All posts by louisegcolewriter

I am a reader and writer of poetry, short stories and novels, living in the West of Ireland.

And the Winner Is…

I saw the light…

When I first dipped my toe into the Irish writing market, I admit I didn’t have a clue as to where I should start sending my creative endeavours. What to do with all those words? The shoebox under the bed was stuffed to overflowing.

Perhaps a writing group would help? But I soon discovered the people around me were equally clueless, or worse, secretive. I guess they thought sharing information about publishing opportunities was likely to do them out of success.

A few years down the line and I have now garnered a good bit of useful information about where to place stories and poems, and I’m happy to share the information here (no charge!).  We’ll save my constant angst about a writer’s need for publication and third-party validation for another day.

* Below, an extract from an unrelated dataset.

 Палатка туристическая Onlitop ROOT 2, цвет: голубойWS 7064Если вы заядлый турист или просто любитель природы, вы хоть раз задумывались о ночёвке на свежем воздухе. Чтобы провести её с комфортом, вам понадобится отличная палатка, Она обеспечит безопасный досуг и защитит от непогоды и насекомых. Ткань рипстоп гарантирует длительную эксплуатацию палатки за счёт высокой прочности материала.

I’m reliably informed that competition placings and publication in anthologies and journals is good for raising your writerly profile, and it is attractive to publishers as proof that you can write.

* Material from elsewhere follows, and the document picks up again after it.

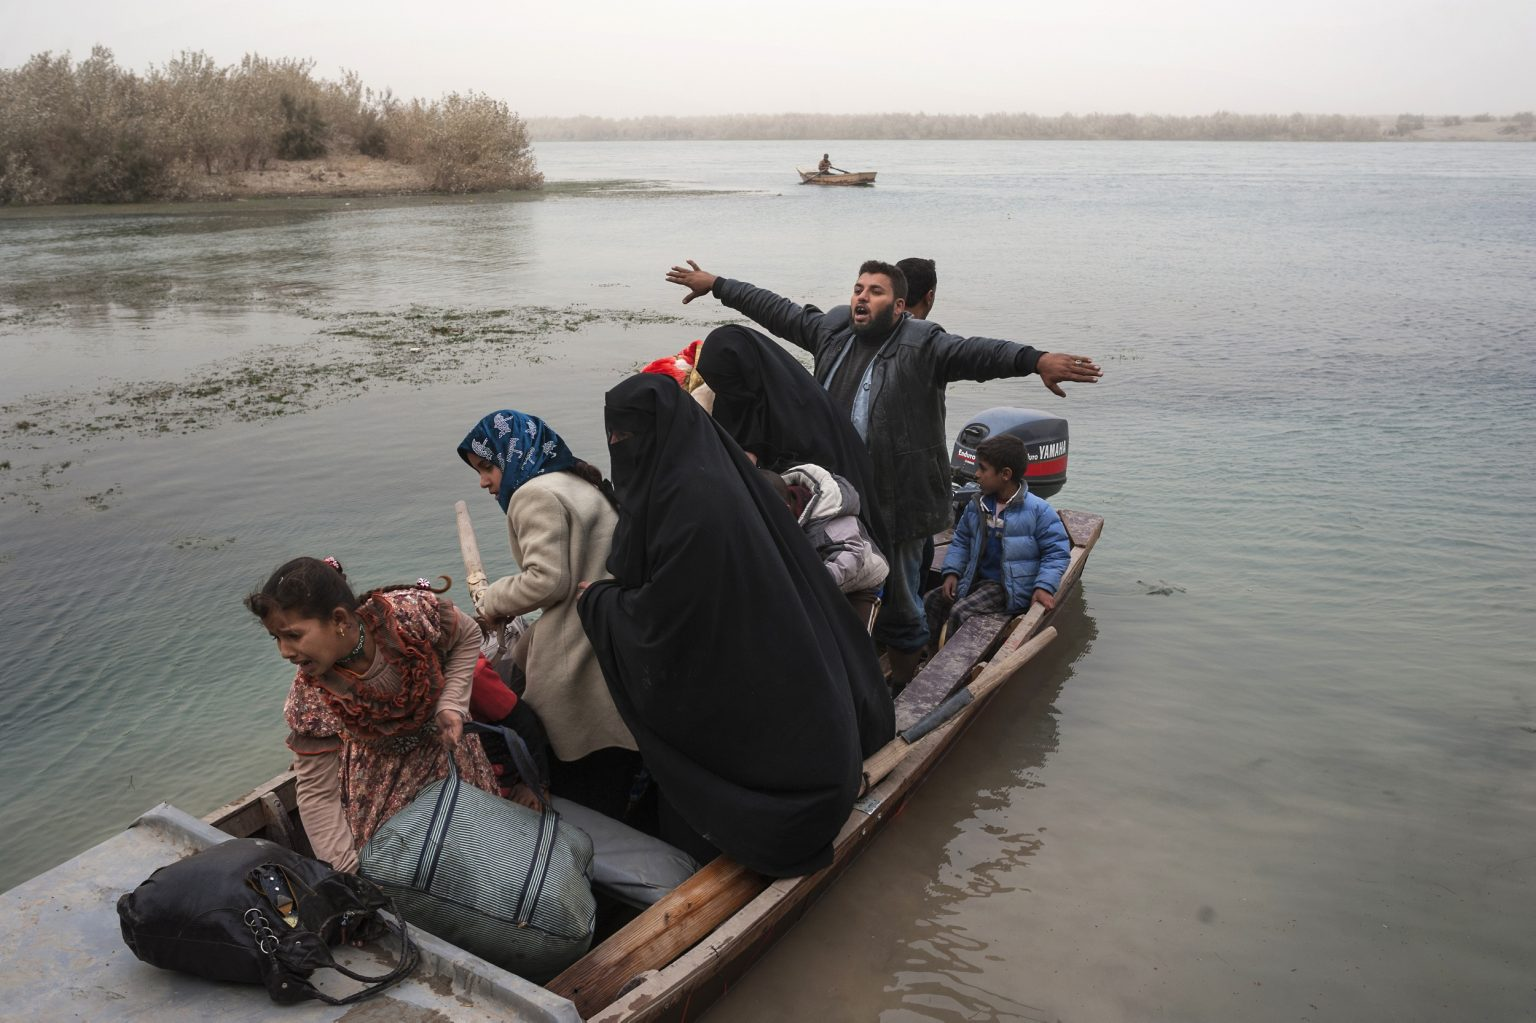 Qayarat Tubiyah, Iraq - November, 1st 2016 - Civilians escaped by the Isis controlled areas crossing the Tigris river to reach the Iraqi army  controlled area. -------------- Qayarat Tubiyah, Iraq - 1 novembre 2016 - Civili fuggiti dalle aree controllate dall'Isis che attraversano il fiume Tigri per raggiungere l'area controllata dall'esercito iracheno.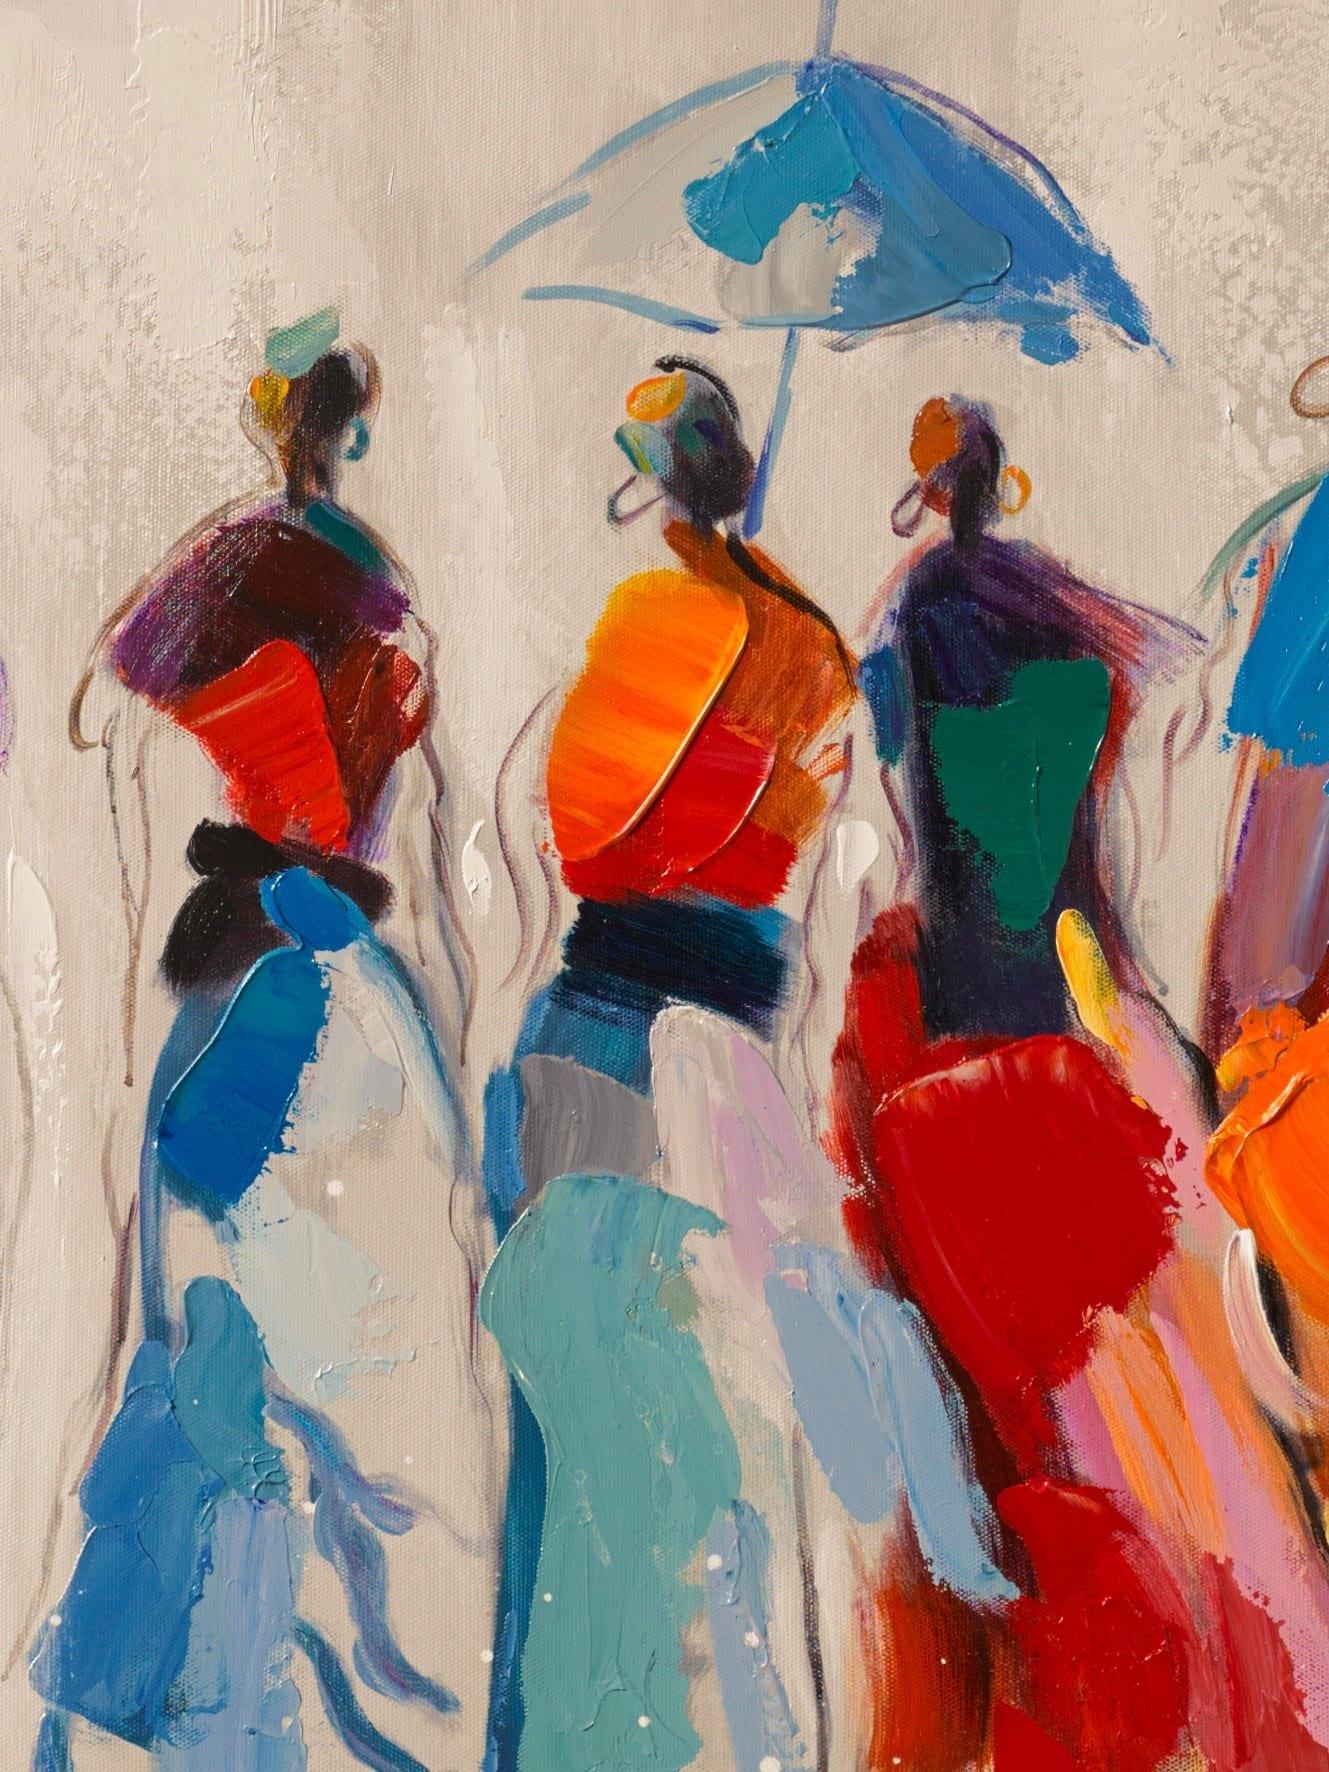 heine home Echt schilderij bestellen: 30 dagen bedenktijd

But be aware that entering competitions or submitting to magazines can be quite a harrowing experience if you are of a delicate disposition.  You need to develop a thick skin as your freshly-minted masterpiece gets sent off into the ether for some stranger to ponder, and you’re left behind wondering what happened. For months sometimes, and then one day you find out by accident that you weren’t successful (God bless Twitter and all who boast in her!).

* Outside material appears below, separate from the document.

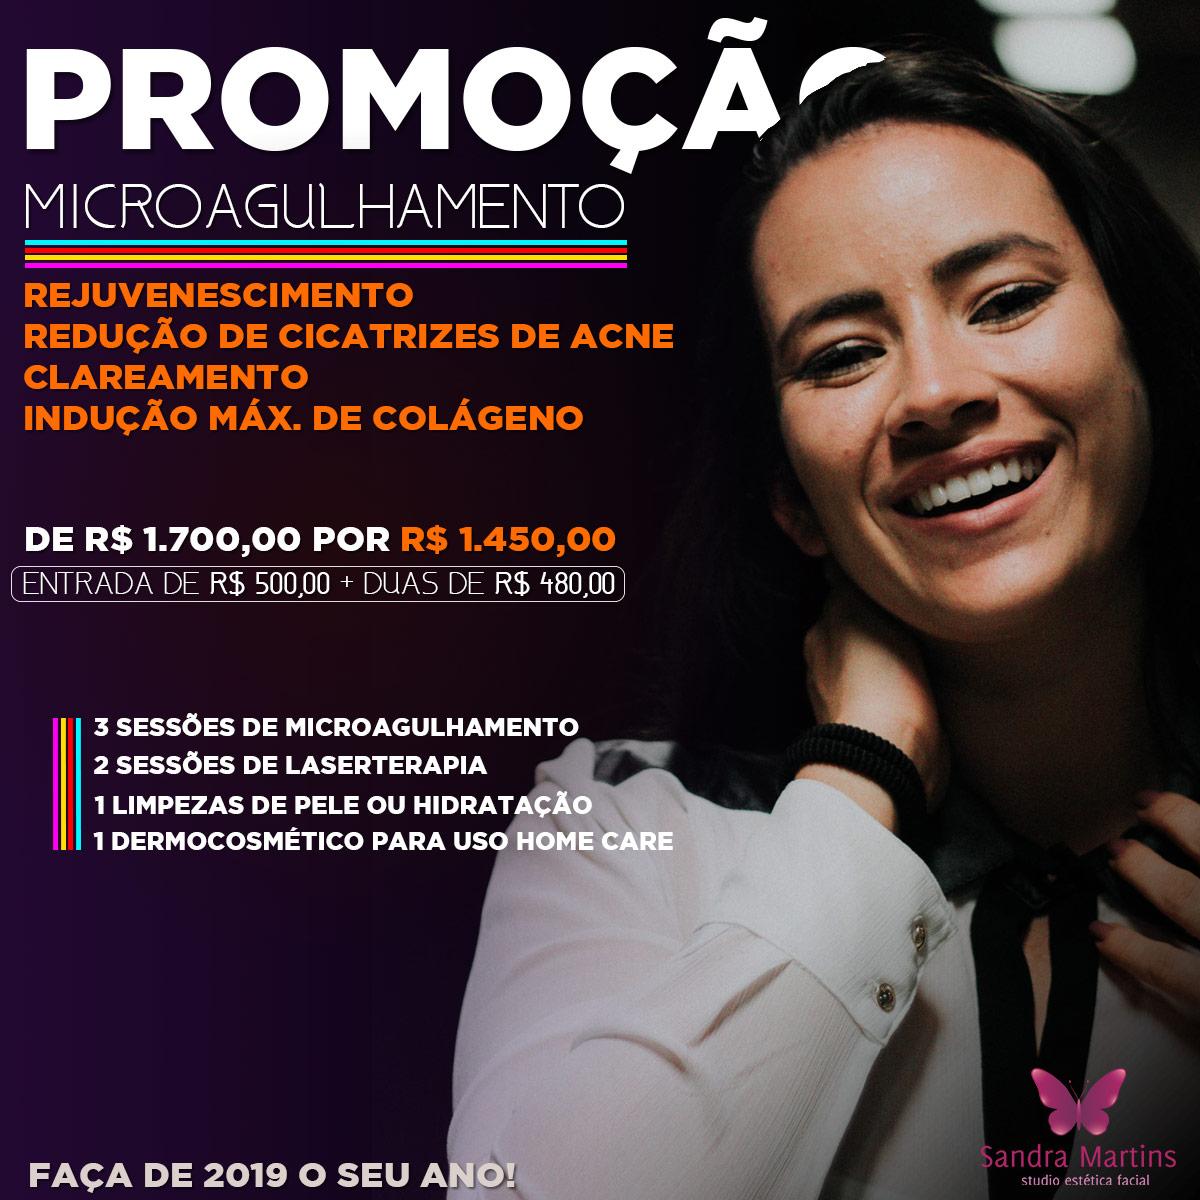 IMPERDÍVEL! O Studio Sandra Martins está com uma promoção especial de Microagulhamento para esse final de ano.

Competitions can be costly – and very (…ahem) competitive, with some of them receiving thousands of entries.  But the prizes are often well worth the effort, and of course, there’s the winner’s kudos. Nothing beats that giddy feeling you get when you’re the winner!

So, the following information I offer as a gift, based on my experiences as an amateur writer based in Ireland. Good luck!

  • First online stop for anyone in Ireland who is interested in writing should be writing.ie – a valuable resource with lots of helpful tips and information. It is updated regularly, so you need to keep dipping into this one.
  • If poetry is your thing, then a visit to Poetry Ireland is essential for competition listings and events.
  • The Irish Writers Centre is a valuable resource for anyone interested in literary endeavours, with info about competitions and bursaries. Sign up to their newsletter for regular updates.
  • Belfast writer Paul McVeigh has loads of interesting items up on his blog, including short stories from around the world, new and old, plus information about competitions here.
  • Ireland is home to a number of heavyweight literary magazines. Some of them accept submissions from newbies and run competitions, so check in regularly to keep up to date: The Moth, The Stinging Fly, Southword Journal, Crannóg Magazine, Skylight 47, Banshee.
  • Ireland has its own selection of popular magazines, although the market is pretty well saturated with UK-based publications. Woman’s Way publishes 800 word short stories (but doesn’t pay), Ireland’s Own  has annual writing competitions and opportunities for articles as well as fiction, although their guidelines admit they favour their regular contributors.
  • At the other end of the writing spectrum is the UK womag (women’s magazine) market, a paying market for short stories and features. They each have their own writers’ guidelines (and some don’t accept on-spec submissions). Patsy Collins pulls a lot of magazine info together for general reference and has an entertaining blog going  here.
  • Finally, another great resource for writers interested in competitions is Michael Shenton’s amusing offerings at Prize Magic.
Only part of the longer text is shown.